In CMUD v2.0, you cannot control the order in which keys are displayed or stored within the database variables. In other words, if you do this:
Code: |
#ADDKEY list name zugg
#ADDKEY list level 10 |
then if you display the variable with #VAR list, you cannot control which order the fields are displayed. In this example, the "name" key might be first, or the "level" key might be first. It depends upon the low-level hash function as to which is first in the list. And since the hash function might change in future versions, you should *never* assume that you know the order in which the keys will be displayed.
If you use the #SORT command on the database variable, the #SHOWDB command will always display the keys in alphabetical order.

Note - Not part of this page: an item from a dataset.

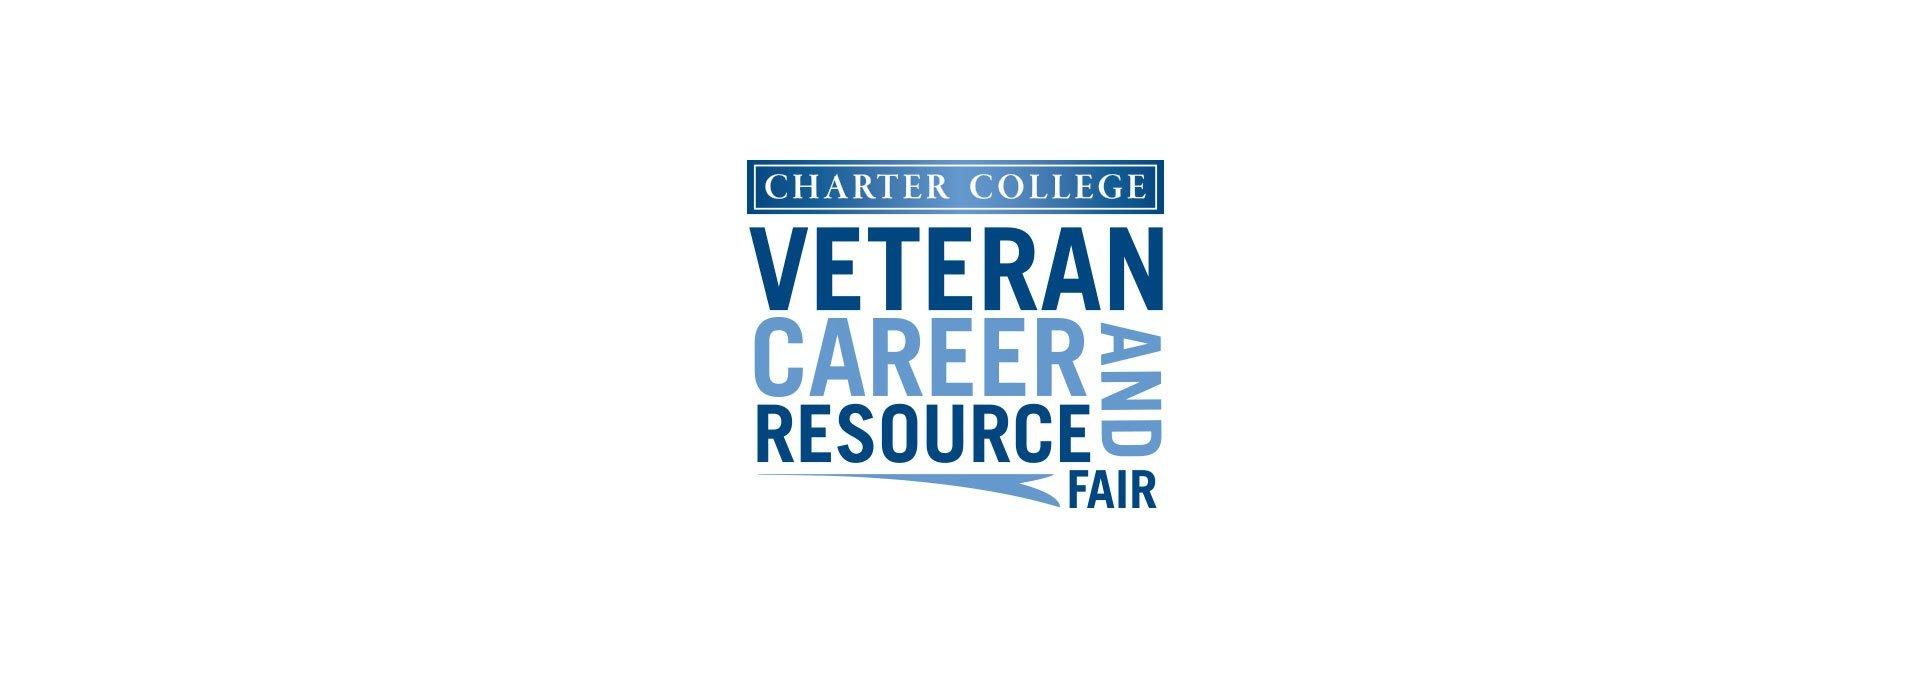 Veteran career fair
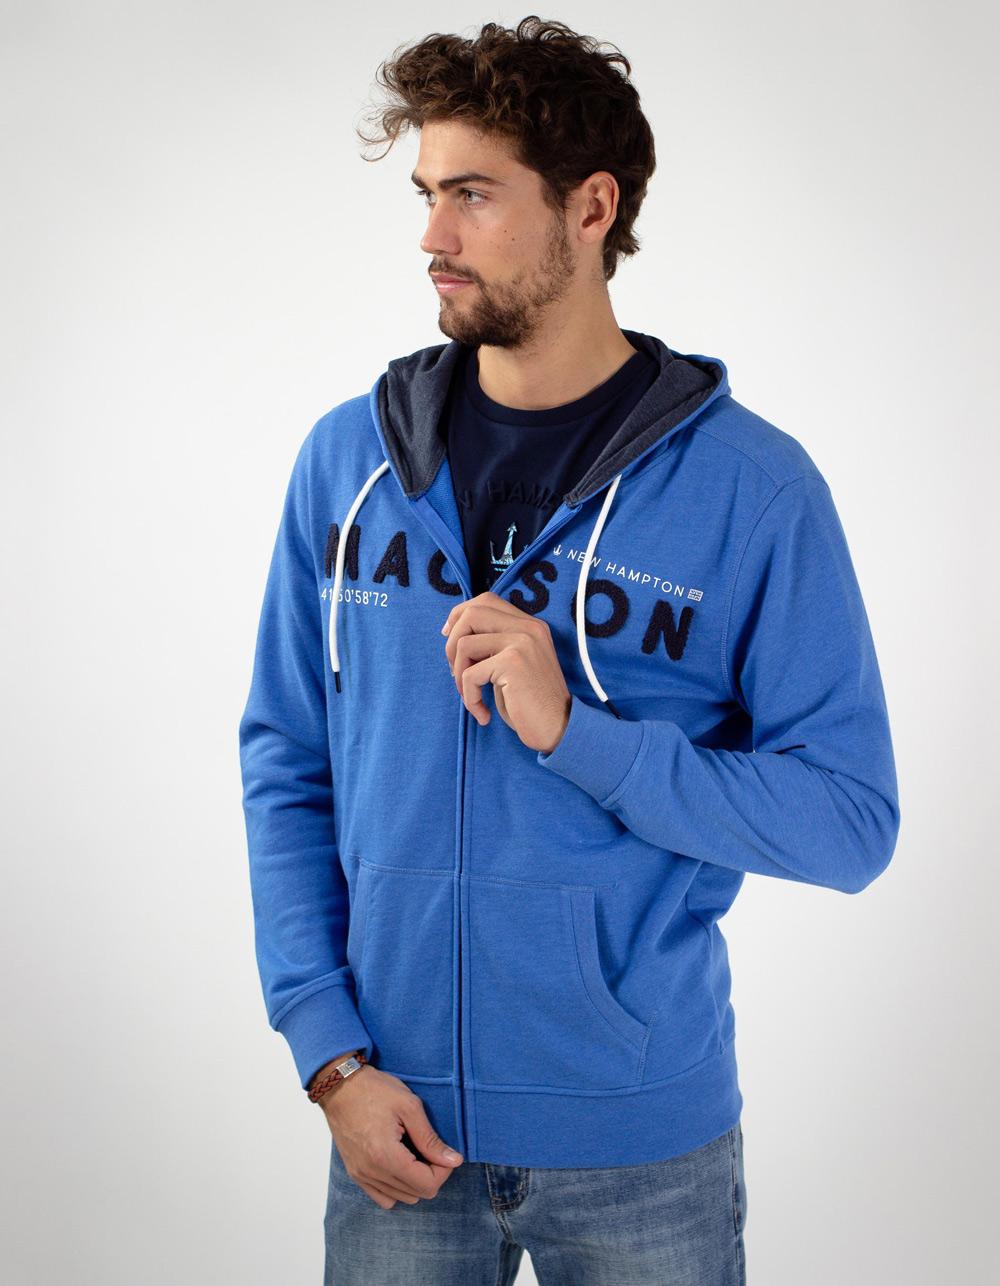 c5cfd5a27941 Jerseys para hombre | Comprar jerseys online en MACSON

The %expanddb function will also sort the keys before creating the string result. Also, the keys will appear in sorted order when you edit the variable in the settings editor. By default, the #SORT flag is enabled for new database variables. |
|
|
|
Zugg MASTER
Joined: 25 Sep 2000 Posts: 23379 Location: Colorado, USA
|
Posted: Tue Jul 24, 2007 1:29 am |
It would be nice if I could someday figure out what causes my scripting languages to be so slow (compared to Lua). In theory, CMUD and Lua are very similar: both use an internal compiled byte-code language. Scripts are compiled on-the-fly and then the byte-code is executed.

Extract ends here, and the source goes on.